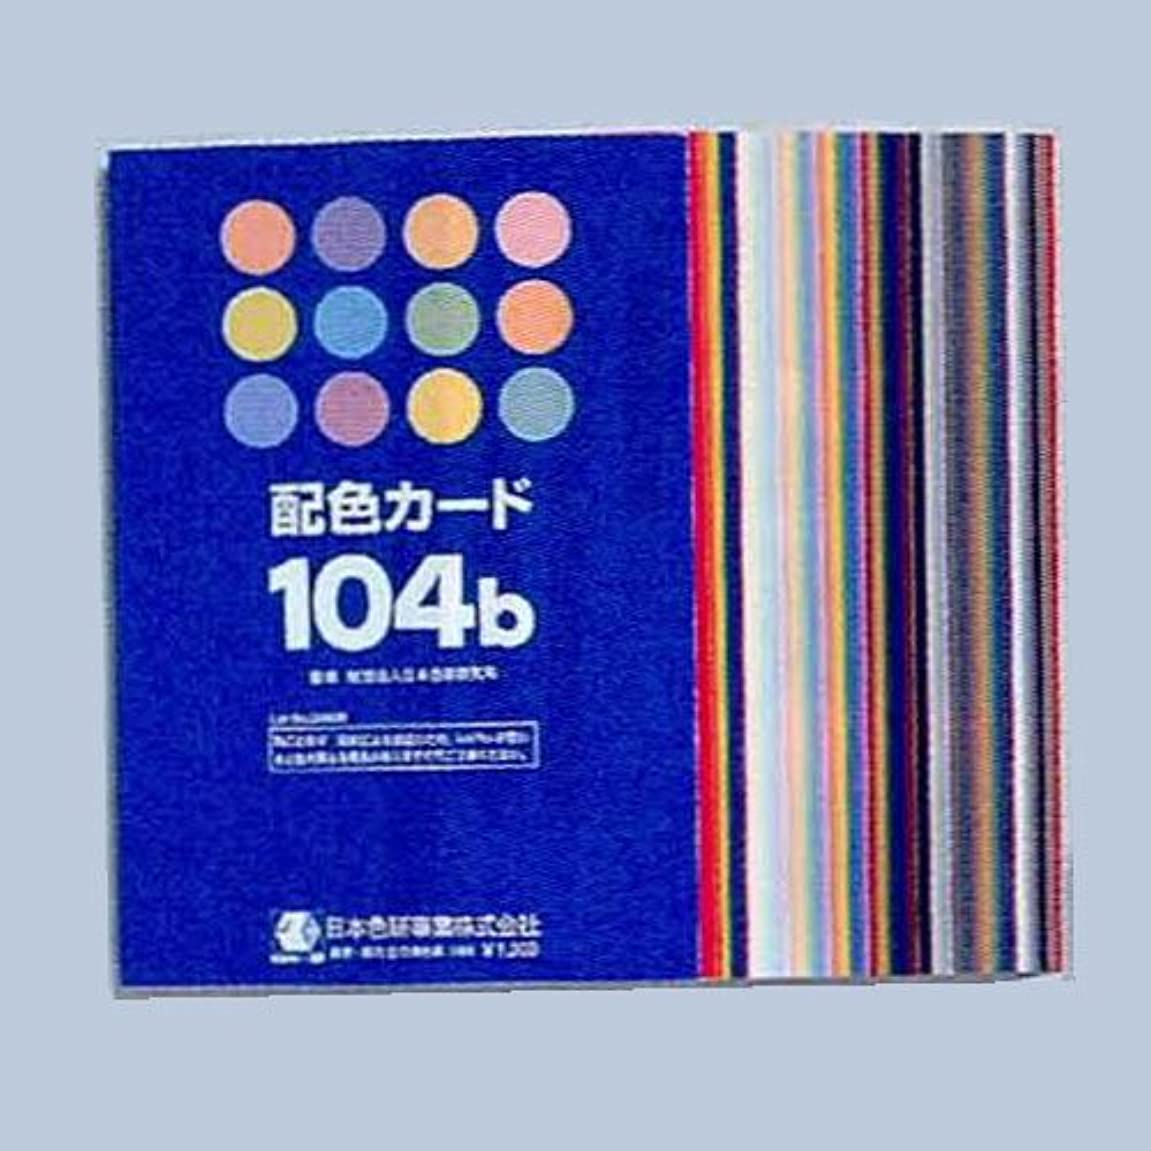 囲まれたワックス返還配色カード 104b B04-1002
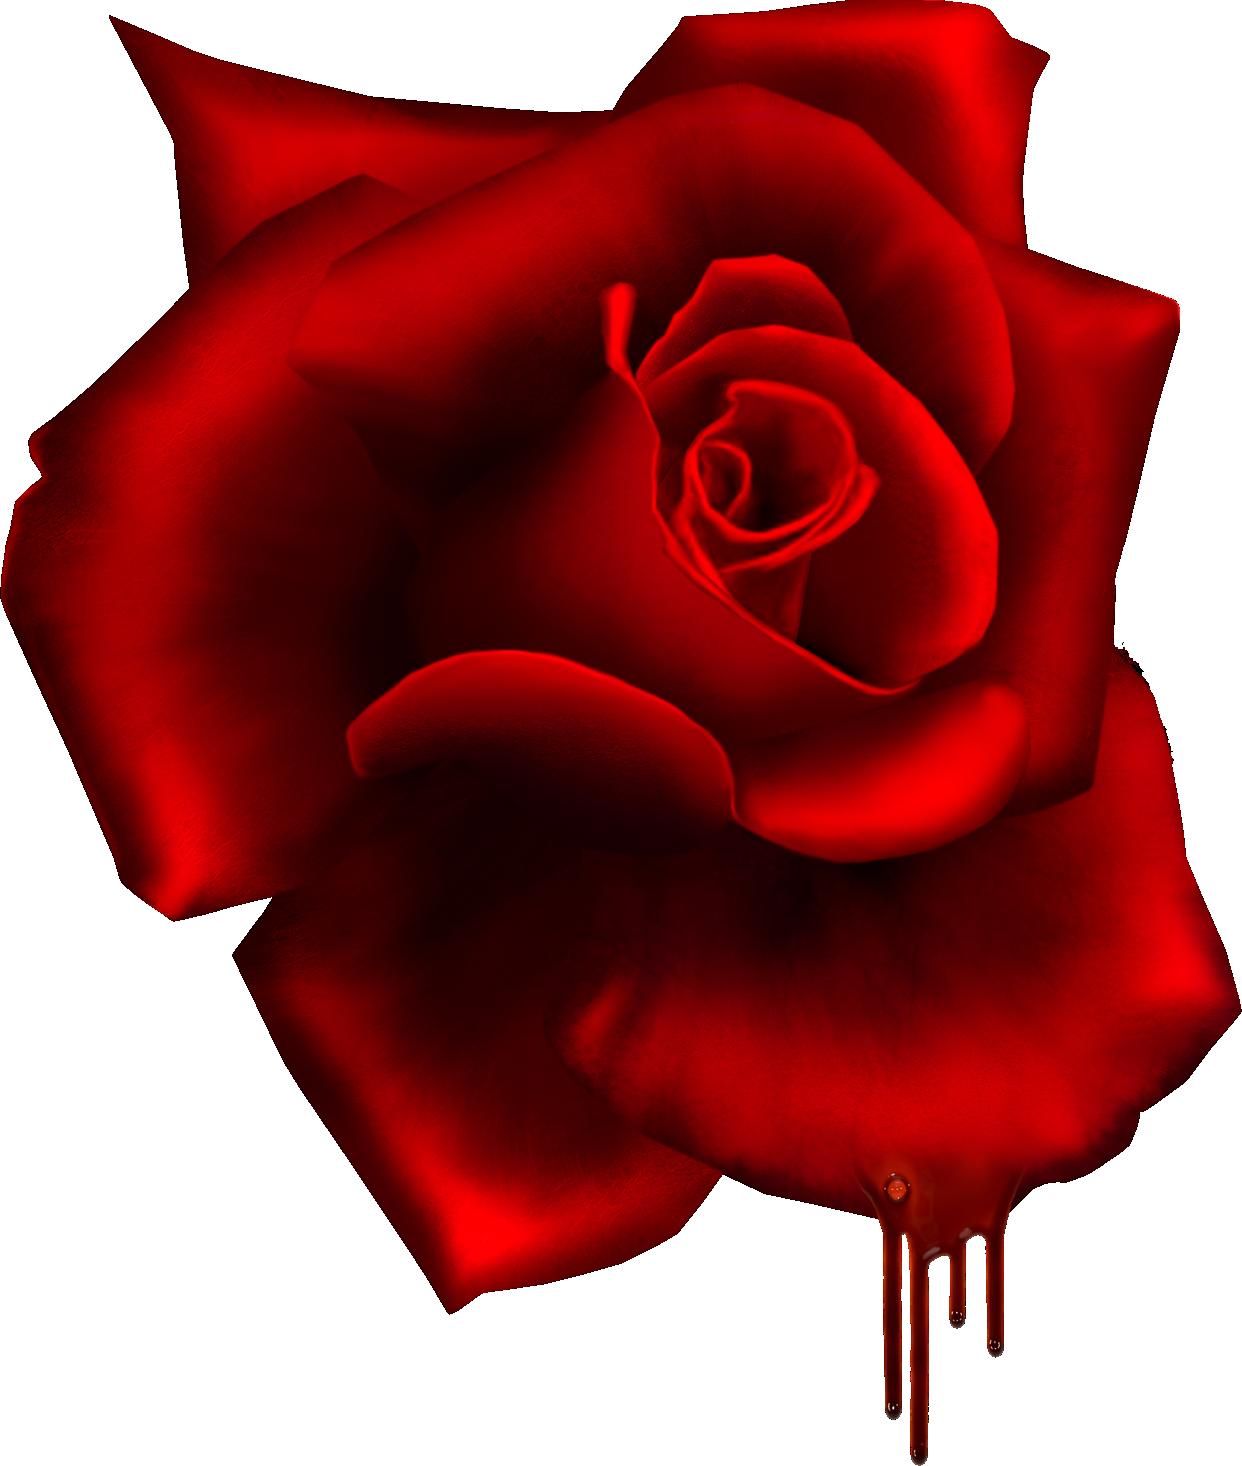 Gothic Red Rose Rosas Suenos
--
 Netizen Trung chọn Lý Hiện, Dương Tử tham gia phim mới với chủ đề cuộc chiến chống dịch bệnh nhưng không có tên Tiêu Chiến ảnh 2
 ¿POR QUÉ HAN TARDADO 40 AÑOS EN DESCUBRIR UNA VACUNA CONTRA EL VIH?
==
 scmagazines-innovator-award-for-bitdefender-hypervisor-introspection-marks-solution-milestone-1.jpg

== Exercise objective ==
Leaving pictures out, output the lines of the data above from the one with "囲まれたワックス返還配色カード 104b B04-1002" through the one with "Gothic Red Rose Rosas Suenos", word for word.

== Solution to this exercise ==
 囲まれたワックス返還配色カード 104b B04-1002
 Gothic Red Rose Rosas Suenos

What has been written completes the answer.